:: WHAT YOU HAVE TO DO ::
Go through the listing below and repeat it exactly, omitting each picture.

:: SOURCE MATERIAL ::
-------

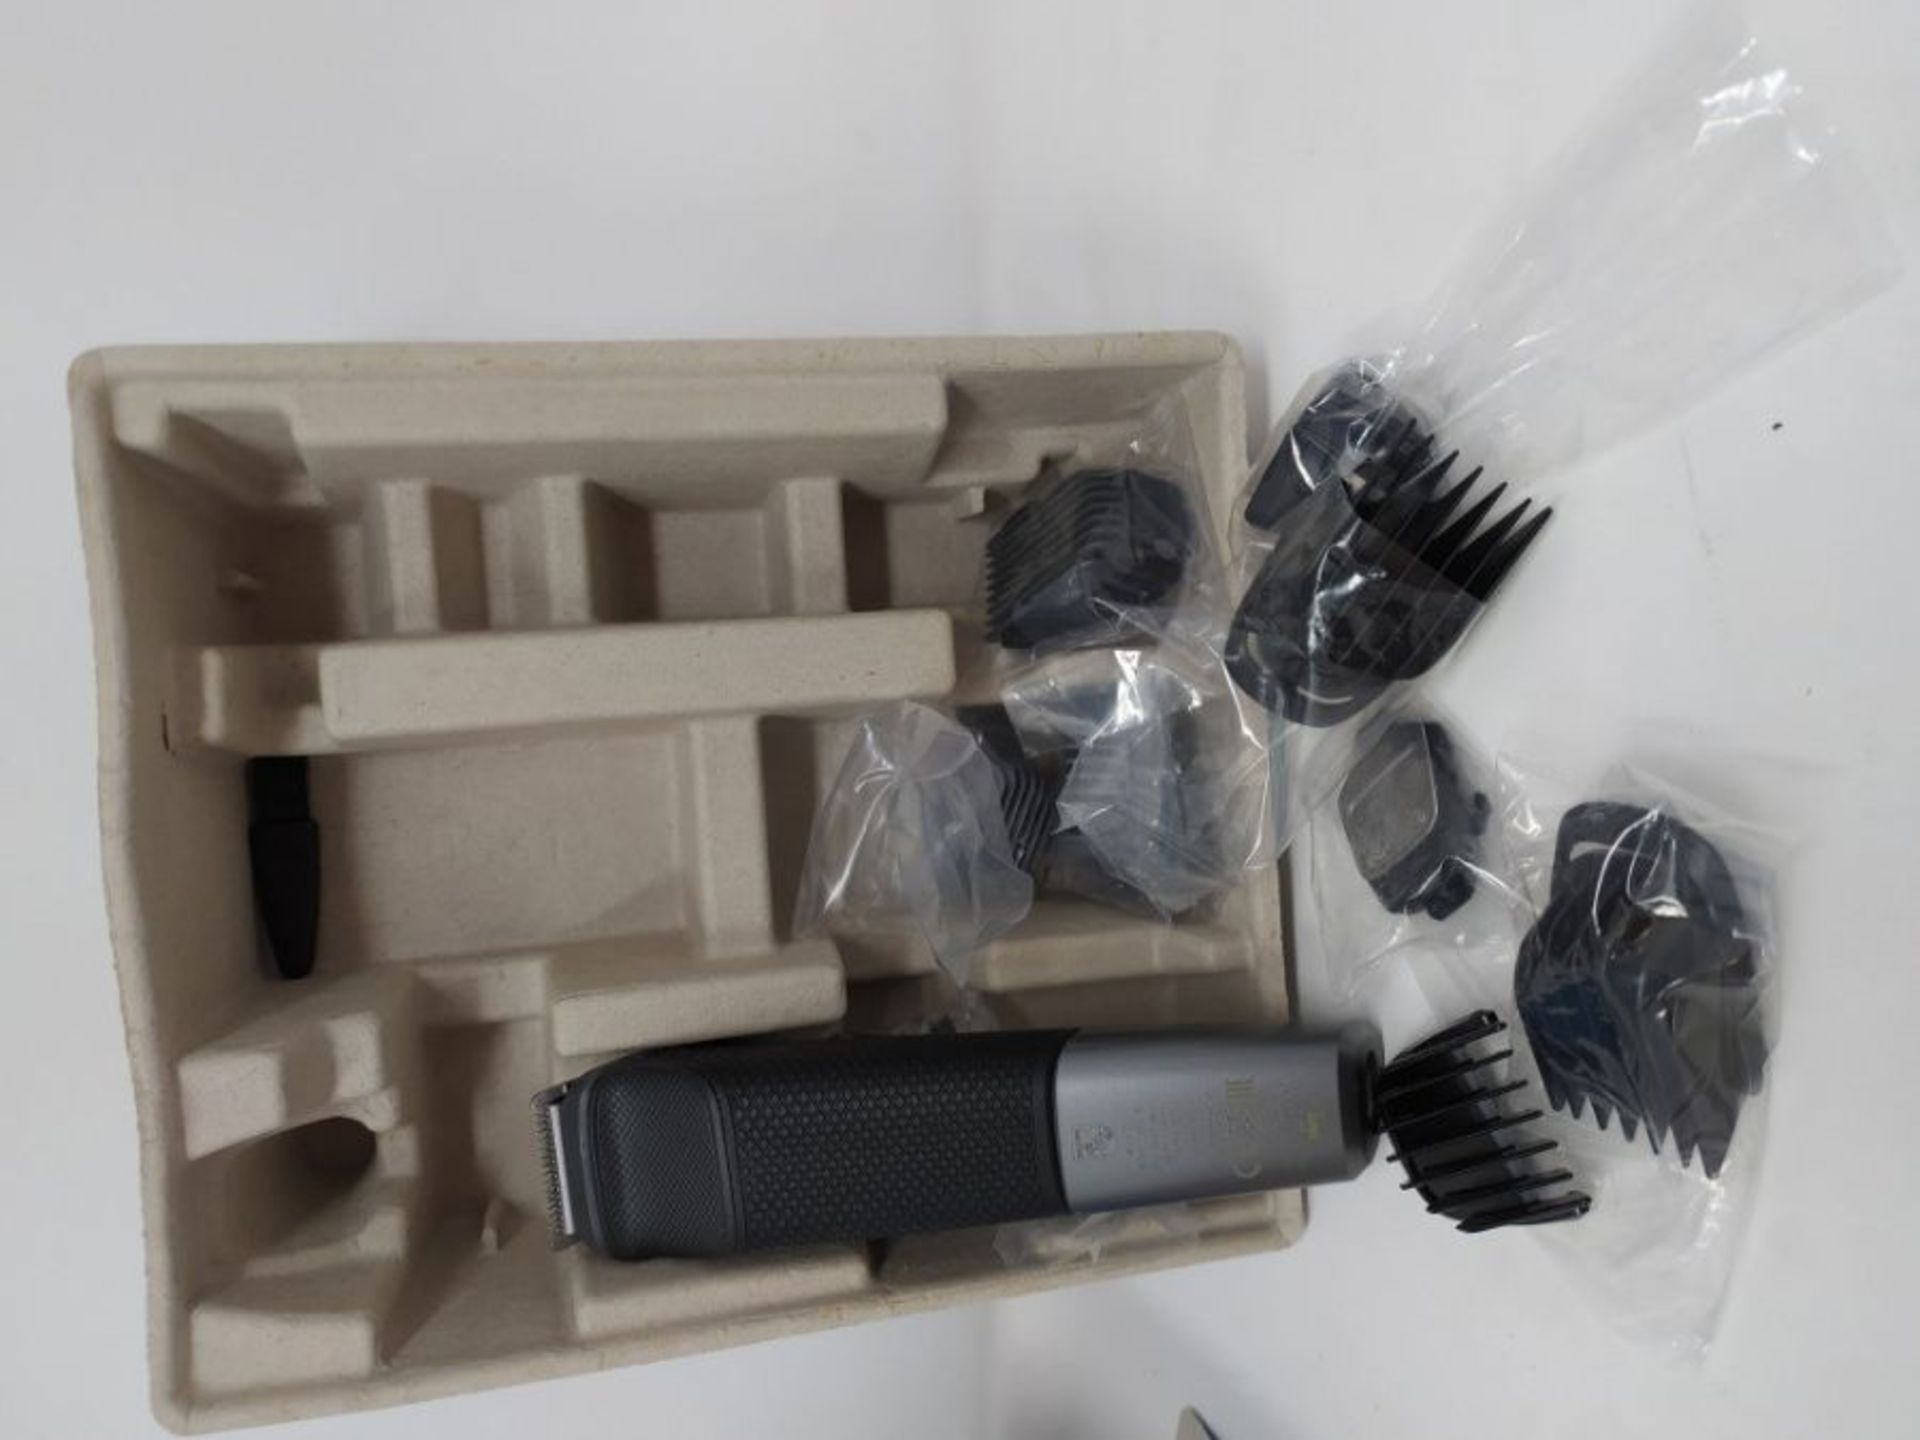 Philips 11-in-1 All-In-One Trimmer, Series 5000 Grooming Kit, Beard Trimmer, Hair Clip - Image 2 of 2
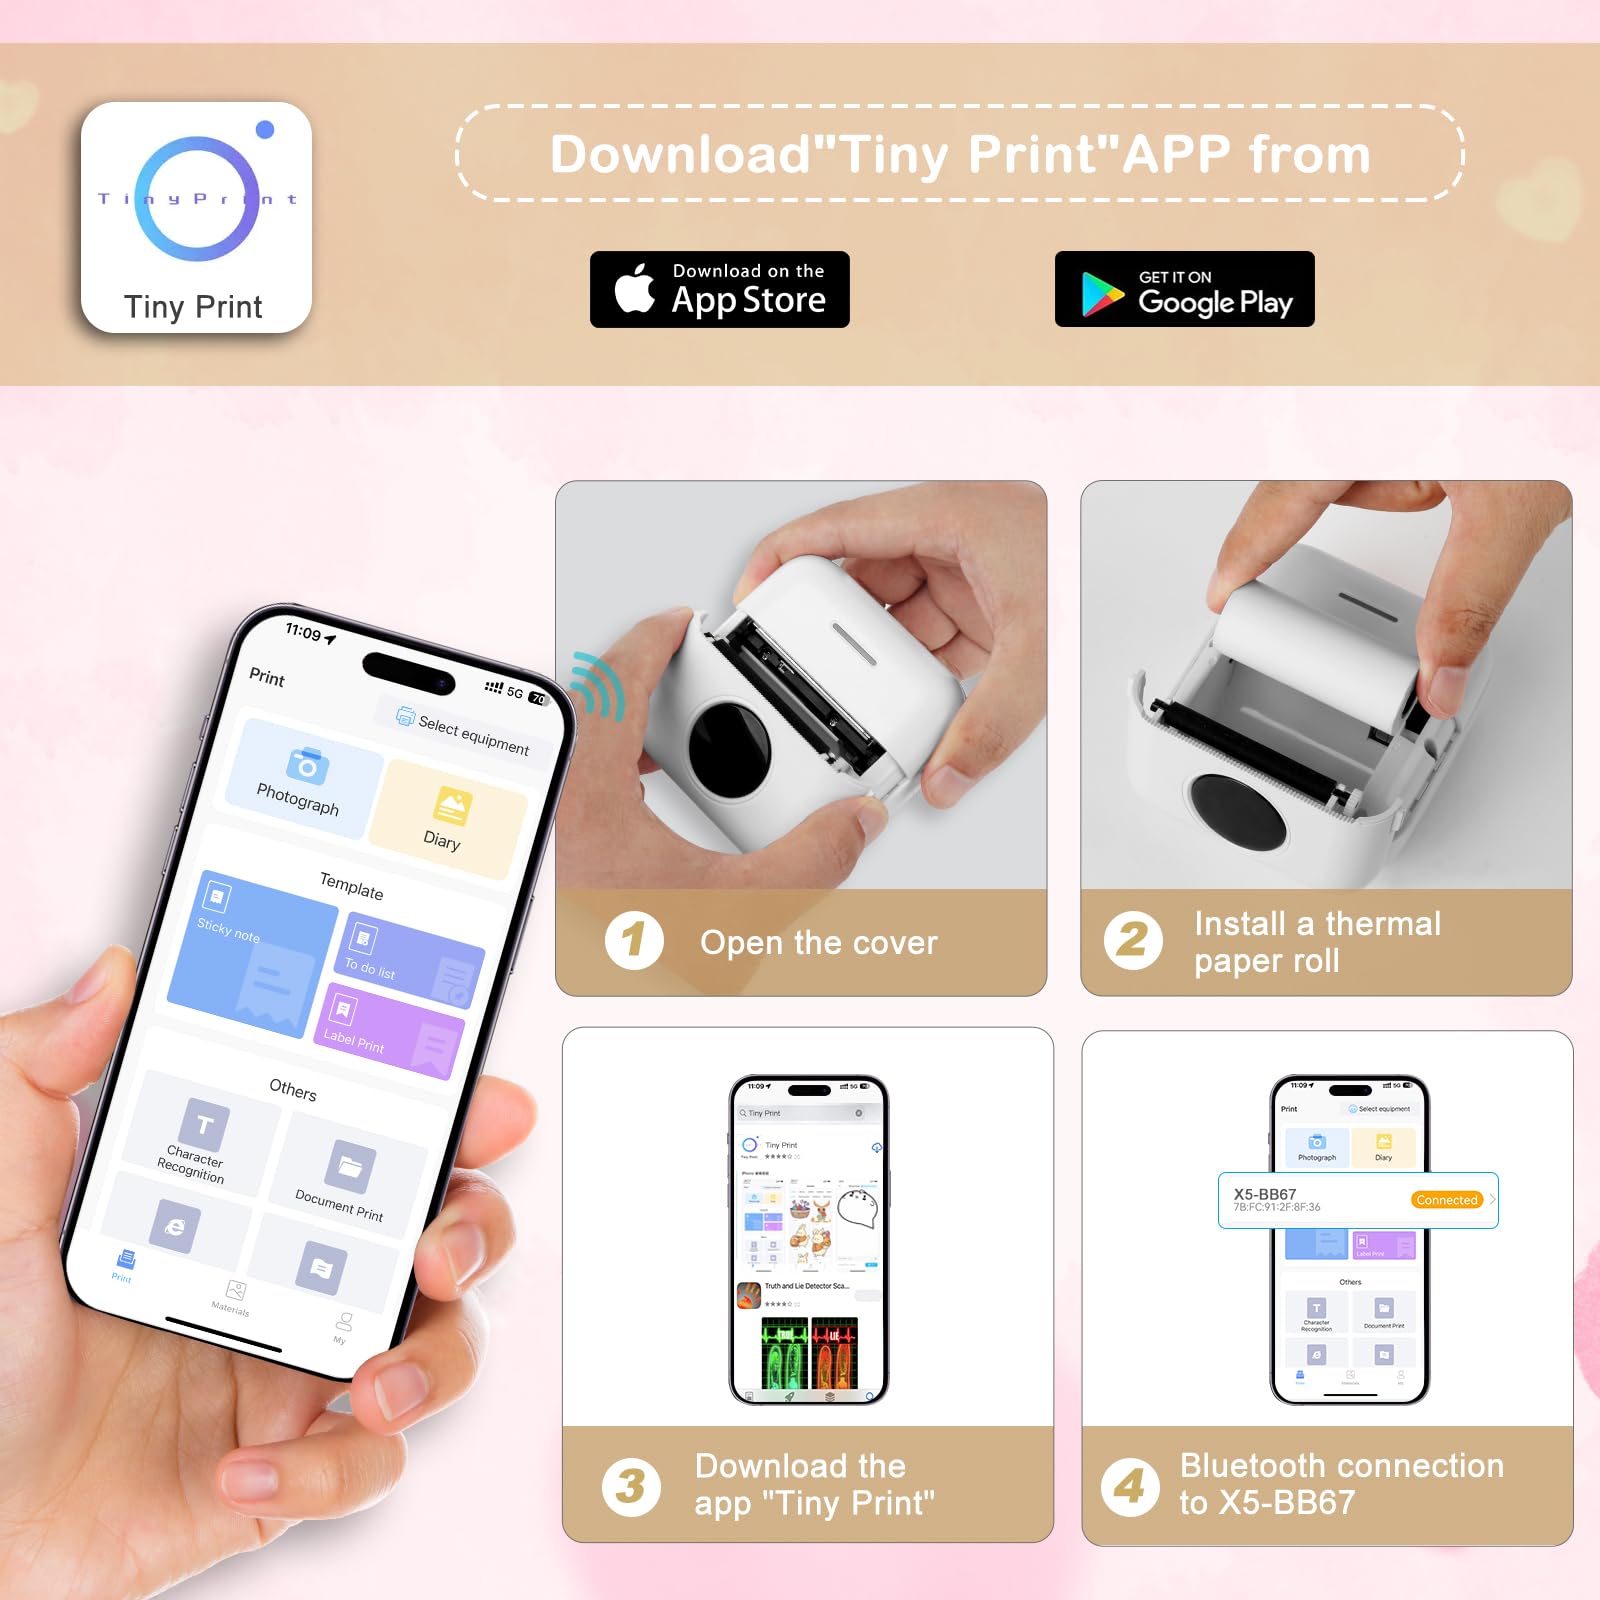 ST-CARE Mini Pocket Bluetooth Printer-Portable Thermal Printer with 5 Roll Papers for Journal/DIY Scrapbook/Travel/Notes/Lists/Label/Memo, Receipt Printer for Children Women Gifts with iOS&Android
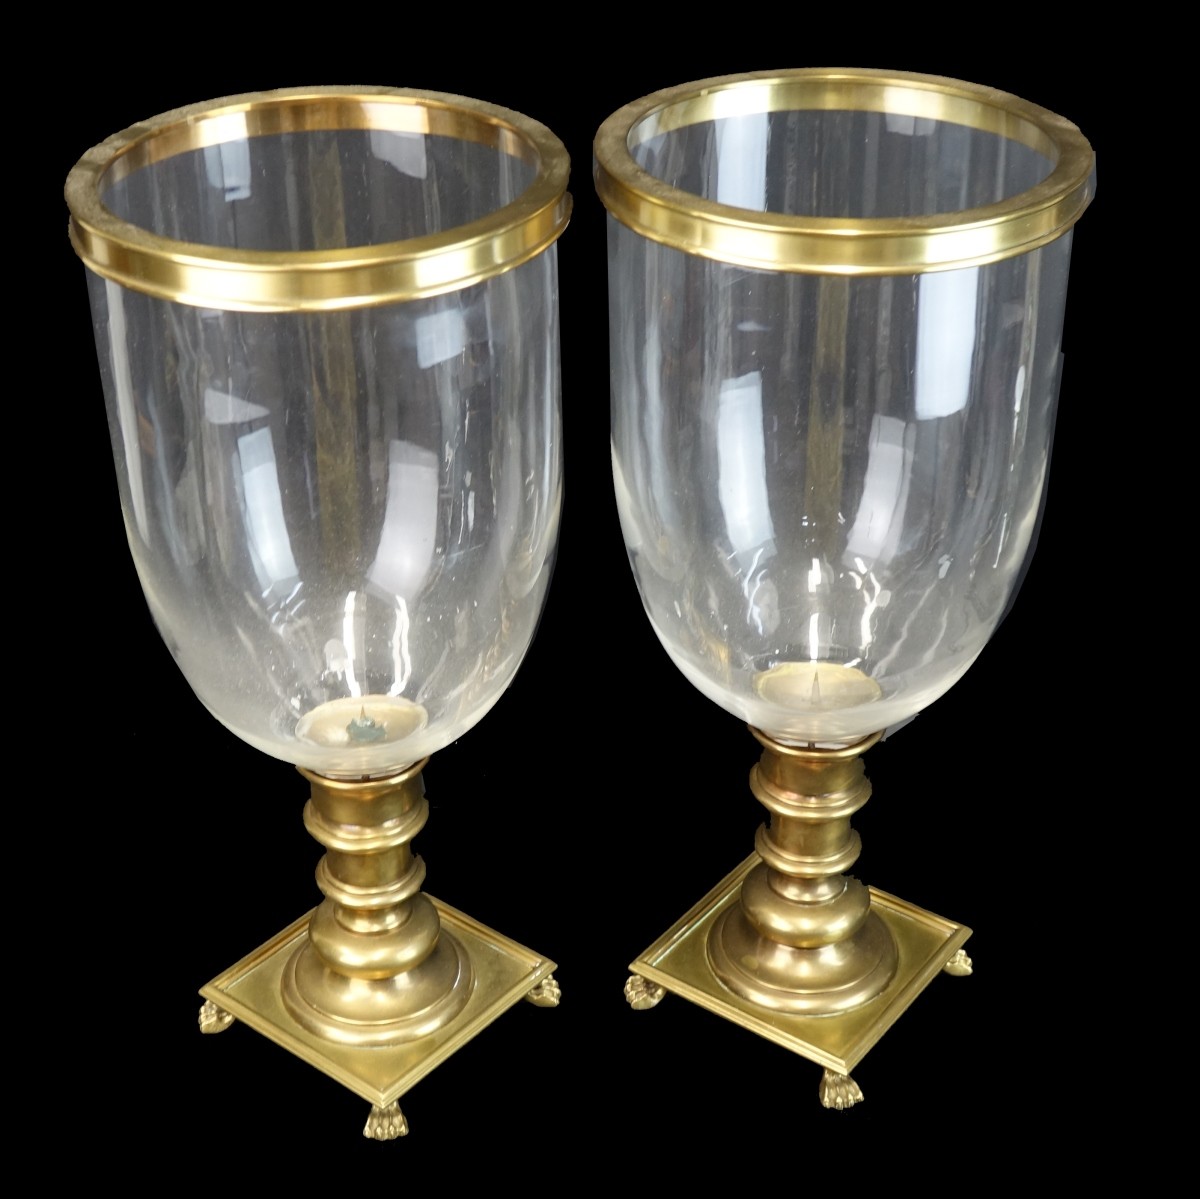 Pair of Decorative Crafts Inc. Candle Holders

-------

:: TASK OUTPUT ::
 Philips 11-in-1 All-In-One Trimmer, Series 5000 Grooming Kit, Beard Trimmer, Hair Clip - Image 2 of 2
 ST-CARE Mini Pocket Bluetooth Printer-Portable Thermal Printer with 5 Roll Papers for Journal/DIY Scrapbook/Travel/Notes/Lists/Label/Memo, Receipt Printer for Children Women Gifts with iOS&Android
 Pair of Decorative Crafts Inc. Candle Holders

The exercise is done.